- Supplied data
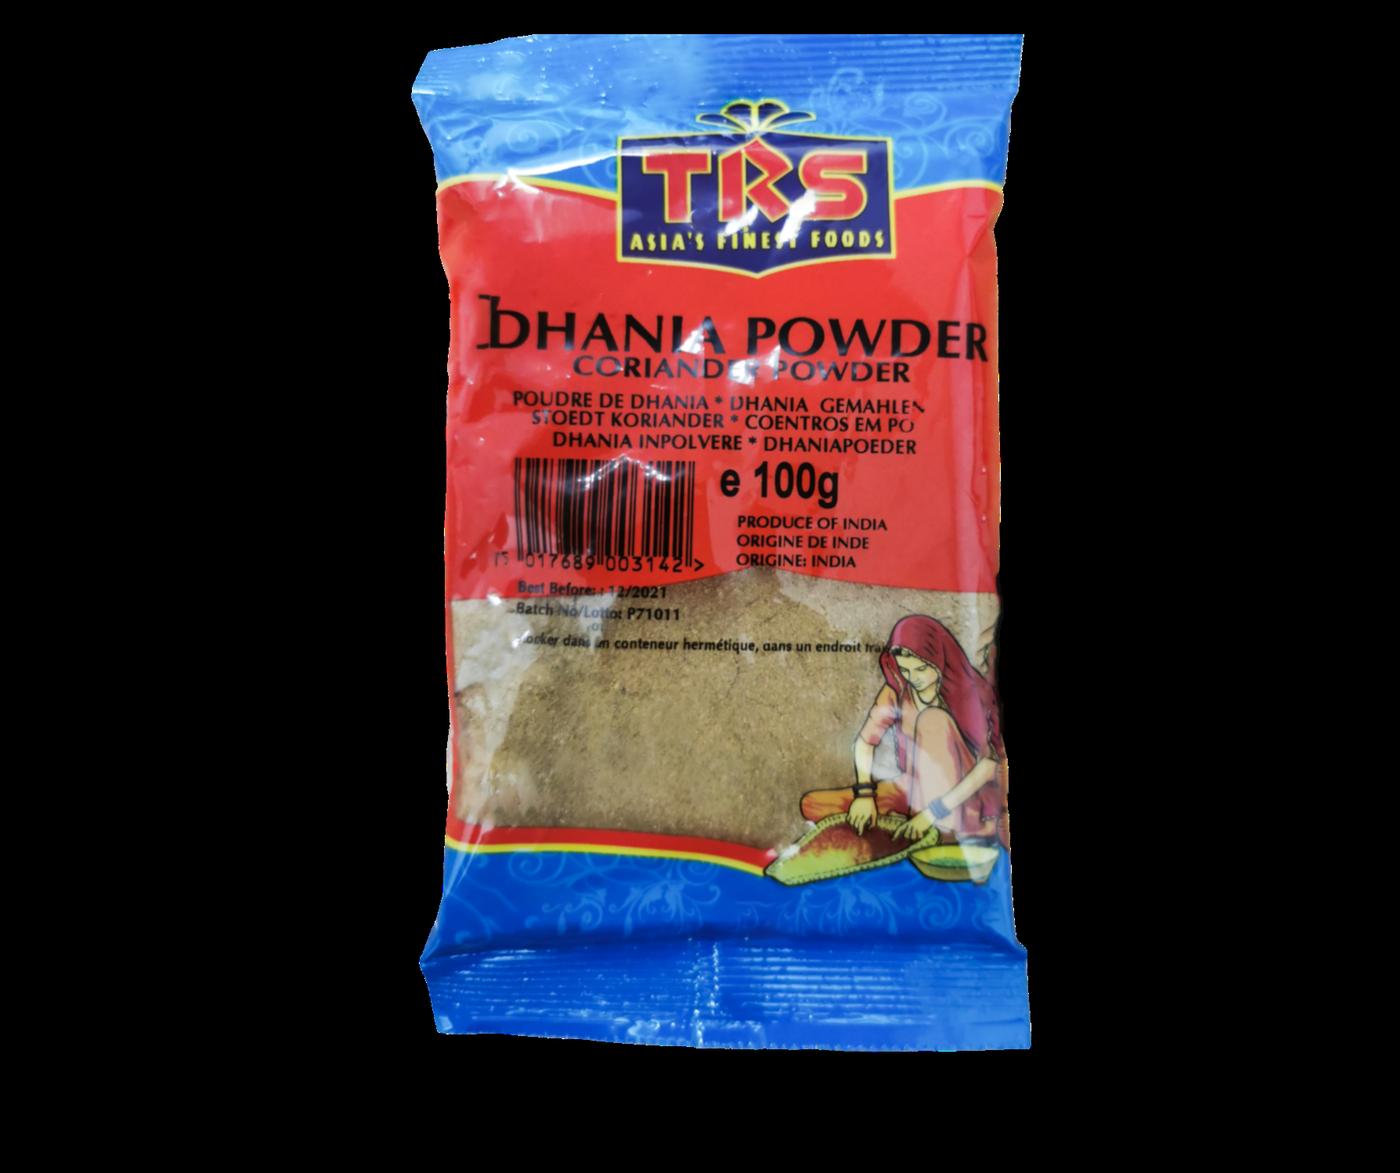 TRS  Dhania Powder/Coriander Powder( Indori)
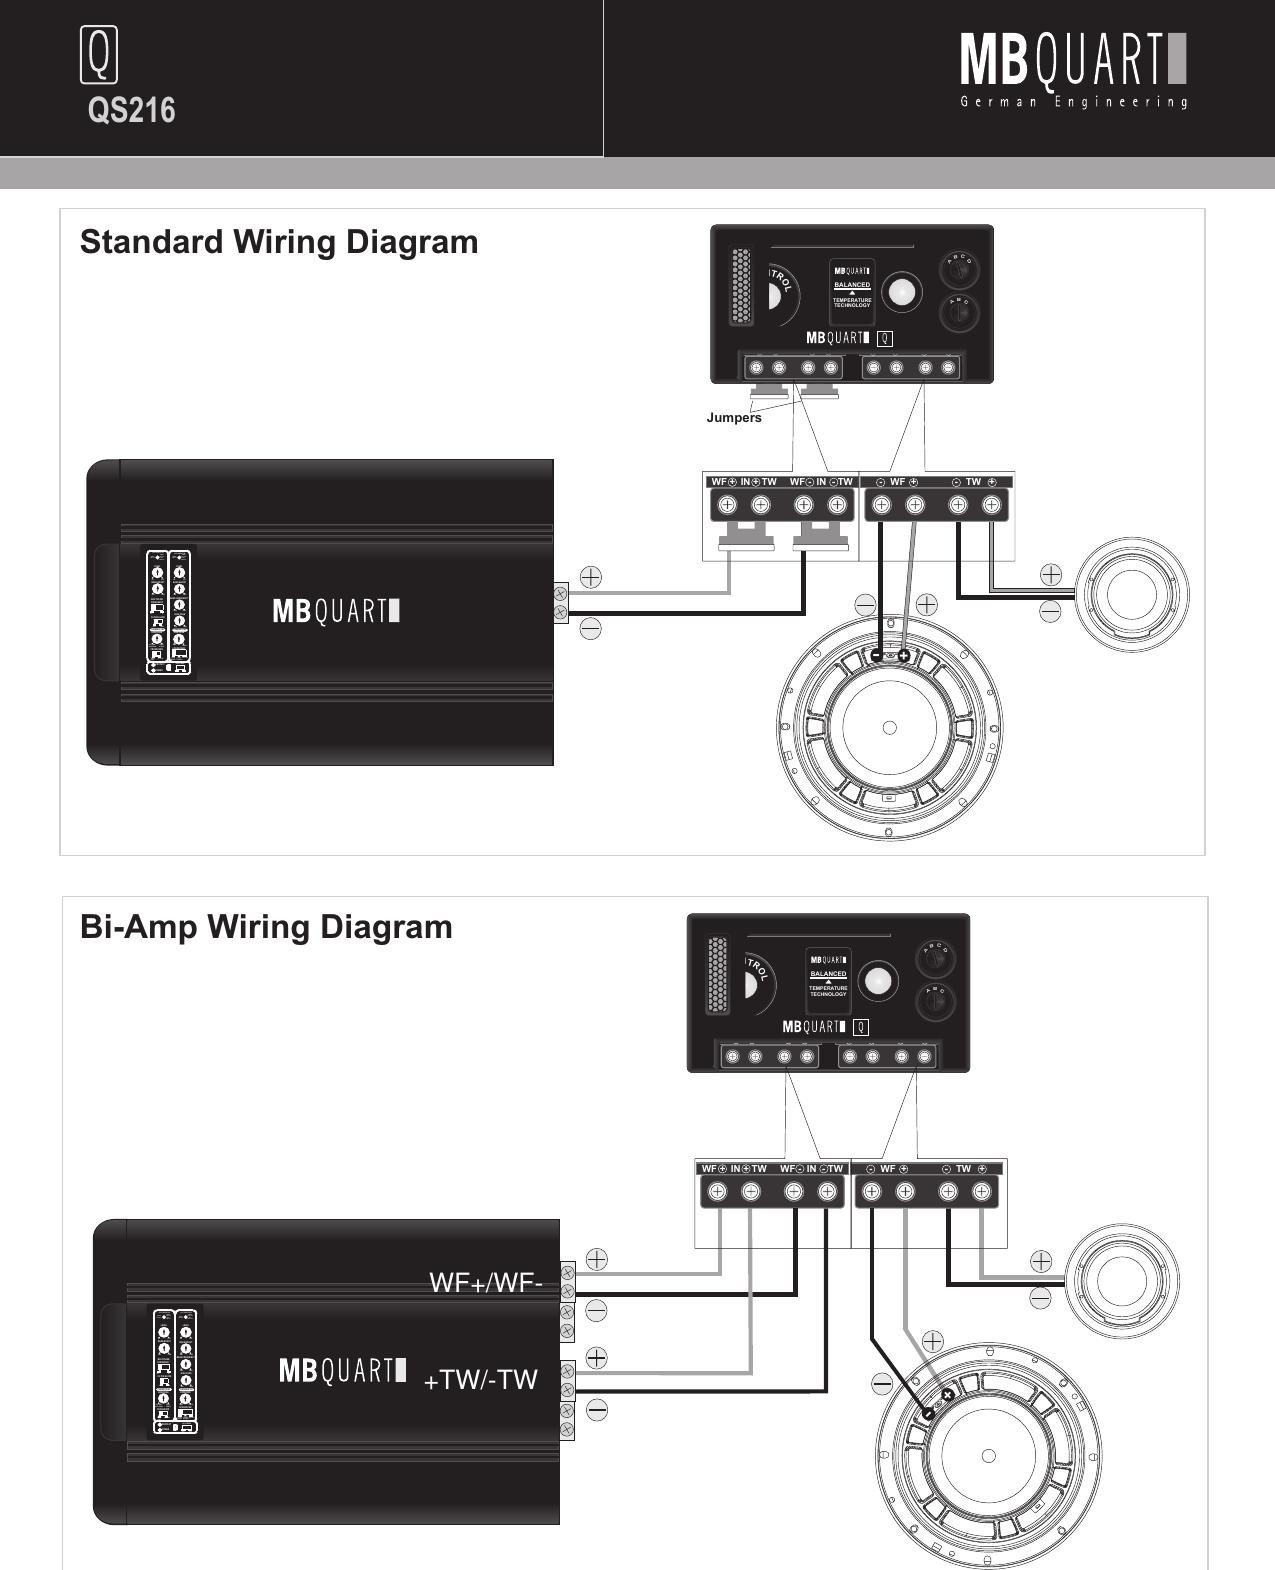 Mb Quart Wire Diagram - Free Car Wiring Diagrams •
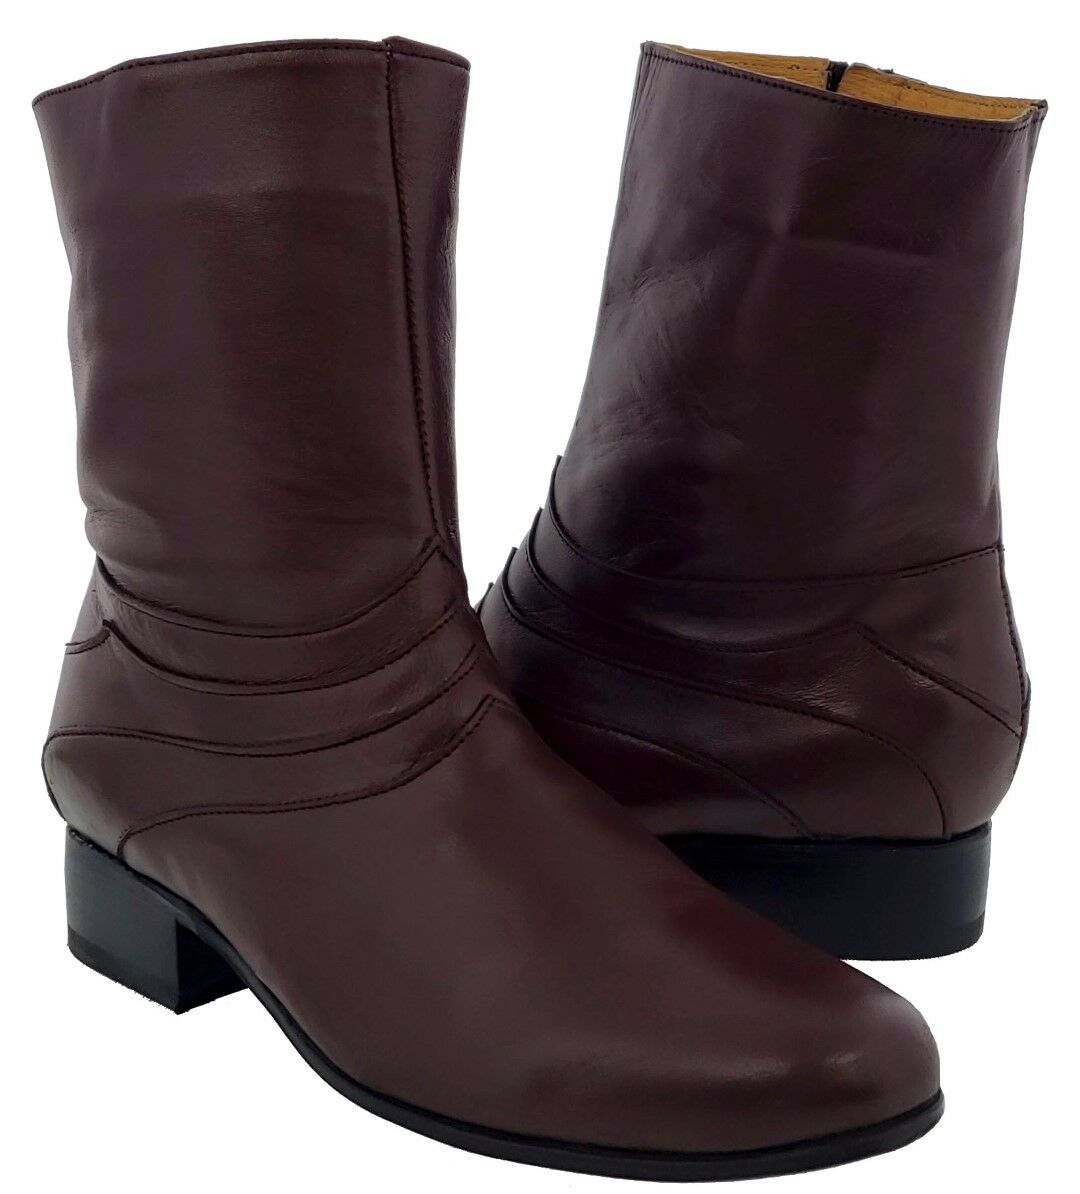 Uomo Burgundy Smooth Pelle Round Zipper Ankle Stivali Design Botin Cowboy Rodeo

- Work required
Keep the pictures out while you retype all of the data above exactly as it appears.

- Written answer
 TRS  Dhania Powder/Coriander Powder( Indori)
 Mb Quart Wire Diagram - Free Car Wiring Diagrams •
 Uomo Burgundy Smooth Pelle Round Zipper Ankle Stivali Design Botin Cowboy Rodeo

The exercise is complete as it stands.